= Basrizal Koto =

Basrizal Koto (born October 11, 1959 in Padang Pariaman, West Sumatra) is a businessman from Indonesia; the owner of a well-known Indonesian conglomerate. Usually addressed as "Basko", he is involved with media, printing, mining, livestock, hospitality, and property.

==Early life==
Koto was born in Kampung Ladang, Padang Pariaman, to parents Ali Absyar and Djaninar. His early life was poor, his family eating only once a day. Because of his difficult life, he stopped studying and migrated to Pekanbaru, Riau. His mother reminded him that if you goes to a foreign territory, he must be able to communicate, take advantage of opportunities, and work with a high commitment. He later moved his family to Riau.

==Business==
Koto started with a Minang restaurant. He tried his hands at different professions, ranging from kernet, driver, caterer, tailor to finally becoming a car dealer. He currently manages about 15 companies and since 2006, is involved in coal mining, newspapers, cable TV and internet for whole of Sumatera.

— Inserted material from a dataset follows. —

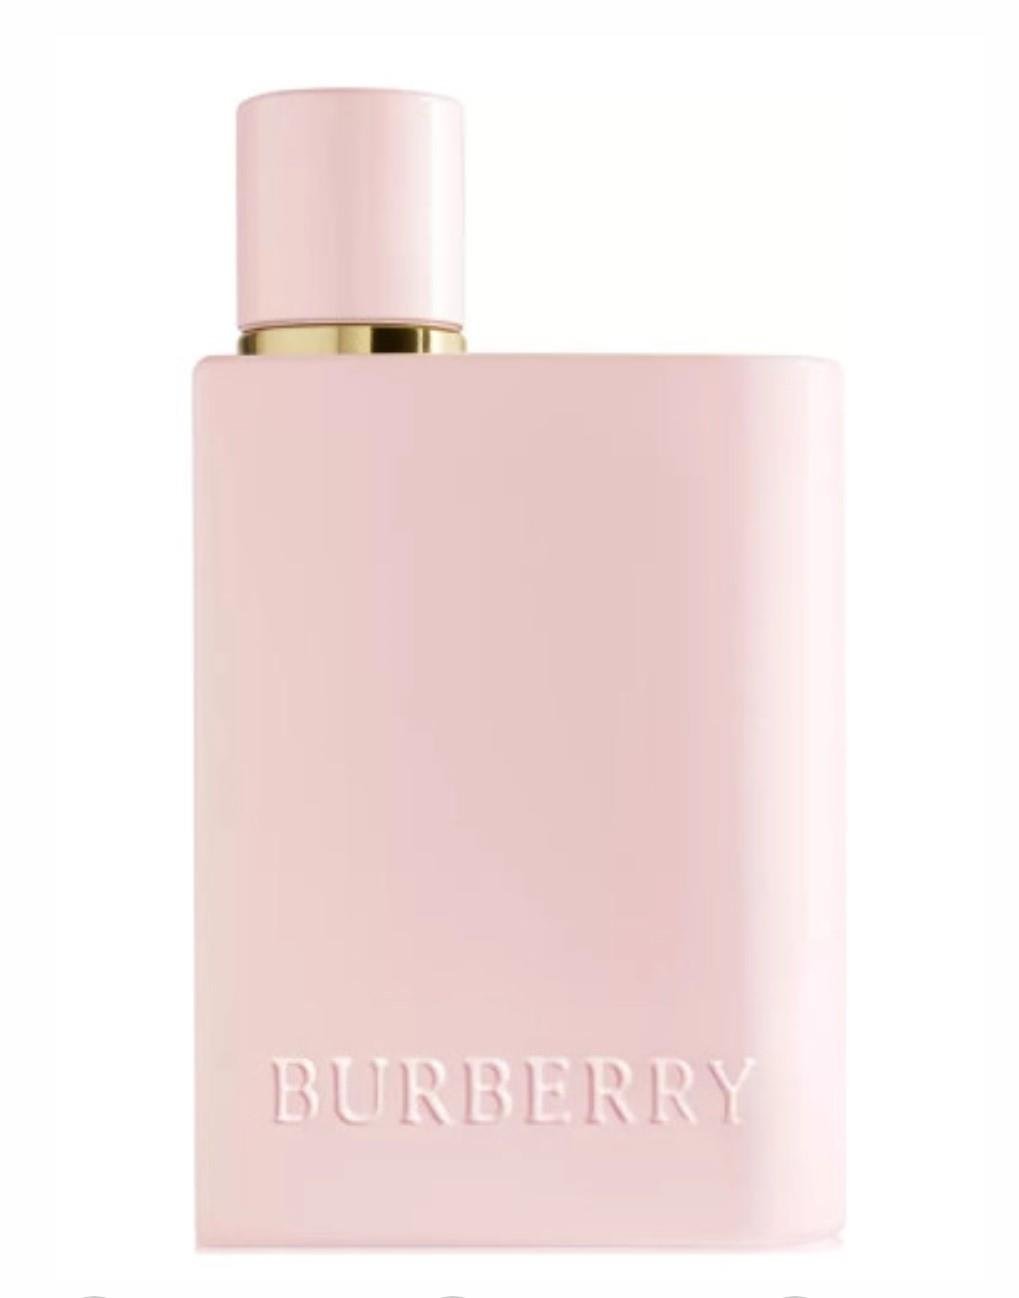 EdP Decanted Her Buy Burberry Elixir - Court Perfume - Samples The Perfumed and Fragrances

Some of Koto's companies include PT Basko Minang Plaza (shopping centre), PT Cerya Riau Mandiri Printing (printing), PT Cerya Zico Utama (property), PT Bastara Jaya Muda (coal mining), PT Riau Agro Mandiri (livestock), PT Riau Agro Mandiri Perkasa (seedling, meat canning), PT Indonesian Mesh Network (cable TV and internet), and PT Best Western Hotel (hotel). He developed Best Western Hotel, the four-star hotel in Padang, with 198 rooms.

Koto also owns Haluan Media Group, which include the oldest and one of the largest newspaper in West Sumatra, Haluan.